The wrapper is built to support your interactions with the 3rd party API and is written in your own words (not based directly on the 3rd party Swagger).

src/file_uploader_adaptor.py

import requests
 
 
class FileIOAdapter:
    API_URL = "https://file.io"
 
    def upload_file(self, file_path):
        with open(file_path, "rb") as file:
            response = requests.post(self.API_URL, files={"file": file})
        return response.json()

How could we test it?

We’ll use mock/patch here as well but instead of mocking the requests.post library we’ll patch the upload_file method of the FileIOAdaptor class.
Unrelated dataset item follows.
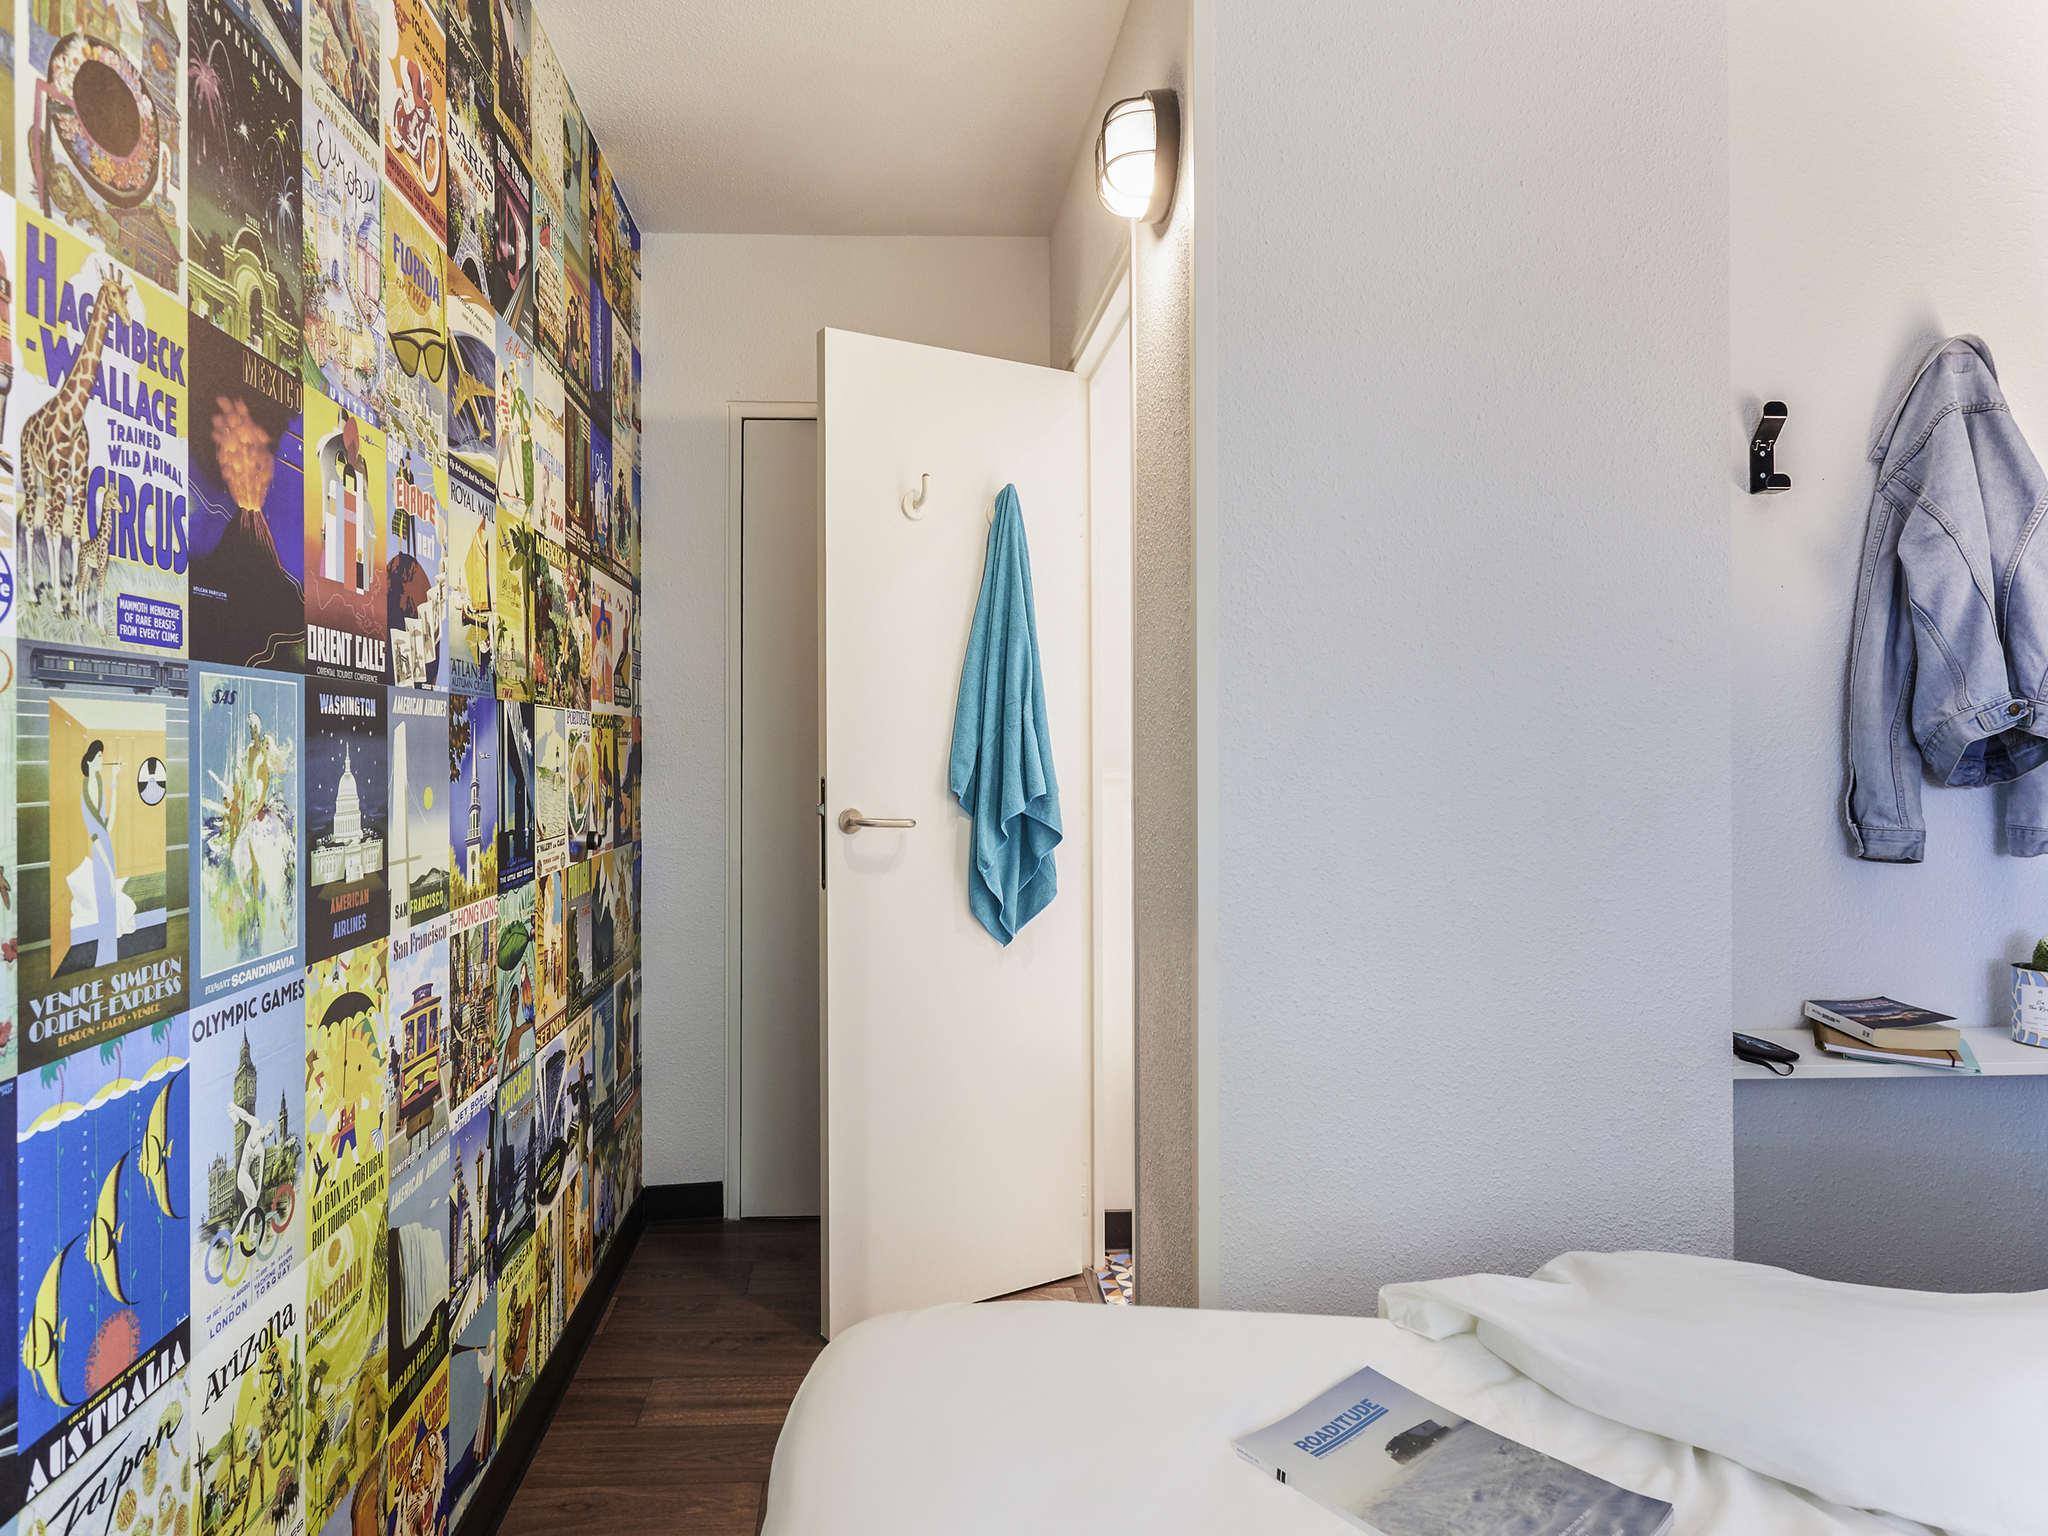 Hotel – hotelF1 Mulhouse Bâle Aéroport

tests/unit/test_pattern3.py

"""Pattern 3 - Create an Adaptor Class and Mock It"""
 
from unittest import mock
from src.file_uploader_adaptor import FileIOAdapter
 
 
def test_upload_file():
    with mock.patch(
        "src.file_uploader_adaptor.FileIOAdapter.upload_file"
    ) as mock_upload_file:
        mock_upload_file.return_value = {"success": True}
 
        adapter = FileIOAdapter()
        response = adapter.upload_file("sample.txt")
 
        assert response == {"success": True}
        mock_upload_file.assert_called_once_with("sample.txt")

Pattern #4 —Dependency Injection

Next, let’s look at another design pattern — dependency injection.

Instead of having our business logic (upload functionality) baked into the FIleUploader class, how about we pass it as a dependency.

from abc import ABC, abstractmethod
import requests
 
 
class FileUploader(ABC):
 @abstractmethod
    def upload_file(self, file_path: str) -> dict:
        raise NotImplementedError("Method not implemented")
 
 
class FileIOUploader(FileUploader):
    API_URL = "https://file.io"
 
    def upload_file(self, file_path: str) -> dict:
        with open(file_path, "rb") as file:
            response = requests.post(self.API_URL, files={"file": file})
        return response.json()
 
 
def process_file_upload(file_path: str, uploader: FileUploader):
    response = uploader.upload_file(file_path)
    return response
 

Pattern #5 — Use a Fake with Dependency Injection

The last pattern (Dependency Injection) is really good but still uses mocks.

What if you wanted to avoid mocks completely?

You can use a Fake instead.

Fake is a different kind of test double to mocks and patches — which is an in-memory representation of the object you’re trying to replace. That’s my informal definition.

tests/unit/test_pattern5.py

"""Pattern 5: Dependency Injection + Fake - Create a Fake Object and Inject It"""
 
from src.file_uploader_dep_injection import process_file_upload
 
 
class FakeFileIOUploader:
    def __init__(self):
        self.uploaded_files = {}
 
    def upload_file(self, file_path: str) -> dict:
        # Simulate uploading by "saving" the file's path in a dictionary
        self.uploaded_files[file_path] = f"https://file.io/fake-{file_path}"
        return {"success": True, "link": self.uploaded_files[file_path]}
 
 
def test_process_file_upload_with_fake():
    fake_uploader = FakeFileIOUploader()
    result = process_file_upload("test.txt", uploader=fake_uploader)
 
    assert result["success"] is True
    assert result["link"] == "https://file.io/fake-test.txt"
    assert "test.txt" in fake_uploader.uploaded_files
 

Pattern #6 — Use a Sandbox API

Using a Sandbox API is a realistic approach for testing external API interactions.

However, while sandbox testing is safer than hitting production, it’s generally slower than using fakes or mocks and you have to remember to clean up to avoid having tons of messy data in your sandbox.